After his debut in King Solomon’s Mines (1885), Rider Haggard’s African hunter hero, Allan Quatermain went on to feature in over a dozen novels and short stories. There’s a close parallel with Sherlock Holmes who made his first appearance in the novella A Study In Scarlet in 1887 and went on to appear in three further novels and fifty-six short stories. Holmes’s last appearance was in a 1927 short story, The Adventure of Shoscombe Old Place, his publishing history thus spanning 40 years; while Quatermain’s last appearance was also in 1927, in Allan and the Ice-gods, pipping Holmes with a career of 42 years.

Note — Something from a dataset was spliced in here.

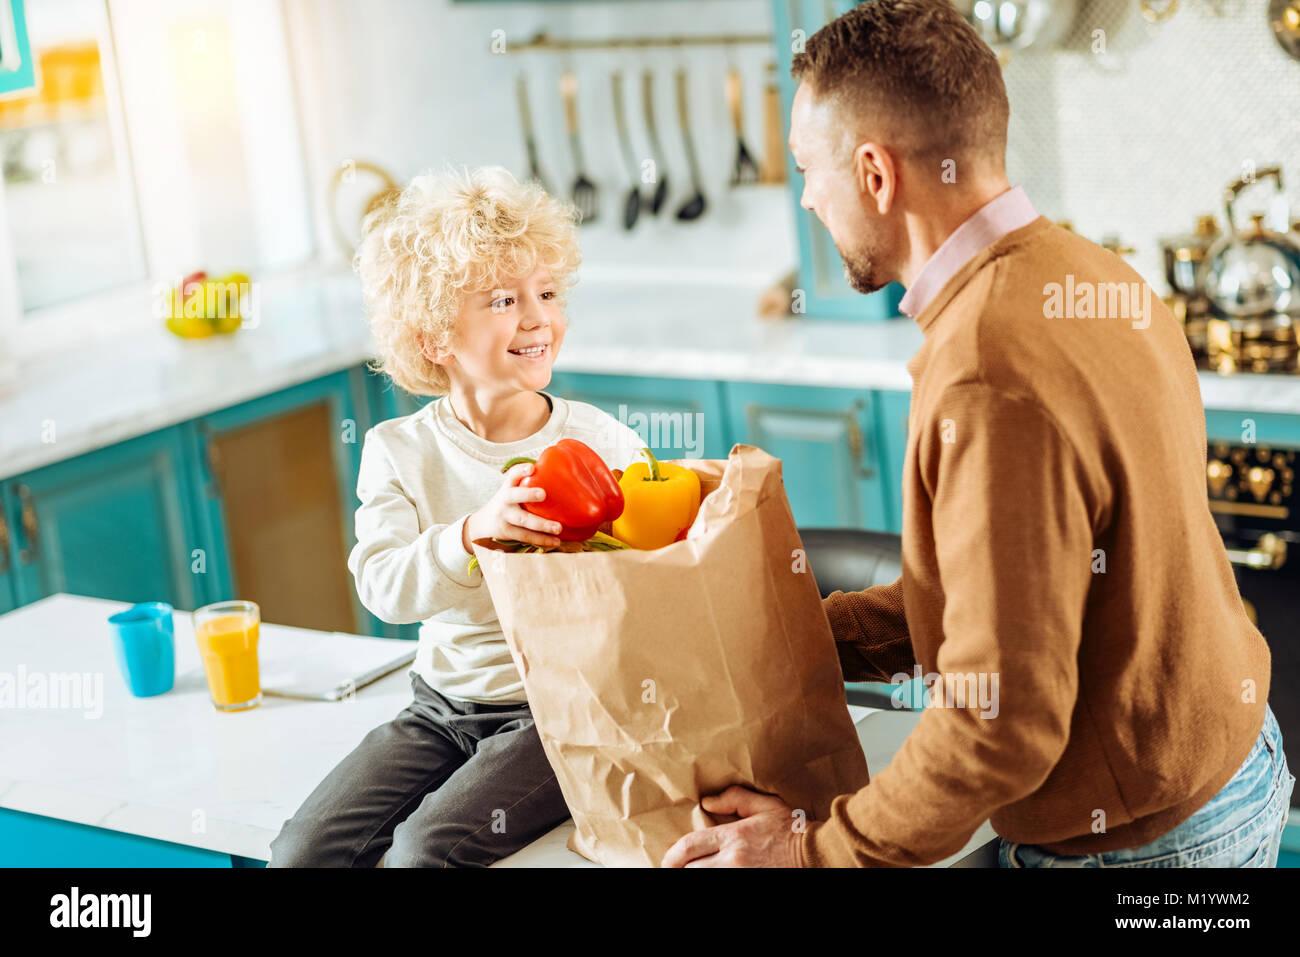 Joyful nice boy smiling to his father - Stock Image

As with another series I’m exploring, James Fenimore Cooper’s Leatherstocking series, the new reader to Quatermain faces a bit of a conundrum – whether to read the stories in the order they were published in order to experience the author’s changing style and skill – or in the fictional chronology of the character’s life.

The excellent Wikipedia article lists the AQ stories by order of events in the hero’s life, with publication dates in brackets, helping you organise whichever option you choose.

Date            Text
1817                 Birth of Allan Quatermain

1835–1838   Marie (1912)
1842–1843  “Allan’s Wife”, title story in the collection Allan’s Wife (1887)
1854–1856   Child of Storm (1913)
1858                “A Tale of Three Lions”, included in the collection Allan’s Wife (1887)
1859                Maiwa’s Revenge: or, The War of the Little Hand (1888)
1868               “Hunter Quatermain’s Story”, in the collection Allan’s Wife (1887)
1869               “Long Odds”, included in the collection Allan’s Wife (1887)
1870               The Holy Flower (1915)
1871                Heu-heu: or, The Monster (1924)
1872                She and Allan (1920)
1873               The Treasure of the Lake (1926)
1874               The Ivory Child (1916)
1879               Finished (1917)
1879               “Magepa the Buck”, included in the collection Smith and the Pharaohs (1920)
1880               King Solomon’s Mines (1885)
1882               The Ancient Allan (1920)
1883               Allan and the Ice-gods (1927)
1884–1885 Allan Quatermain (1887)

18 June 85   Death of Allan Quatermain

But whichever option you choose you’ll have a problem trying to track down editions of these old books. As usual with older literature (and music), Haggard’s one or two greatest hits (King Solomon’s Mines and She) are available in countless editions, cheap or scholarly, but wander a few feet from the common highway and you are among thorns. There does appear to be one uniform edition of the complete Quatermain novels, by a small publisher, the Leonaur press, though a little pricey. You can, however, download them as Kindle texts from Amazon, or from the excellent Project Gutenberg Rider Haggard site.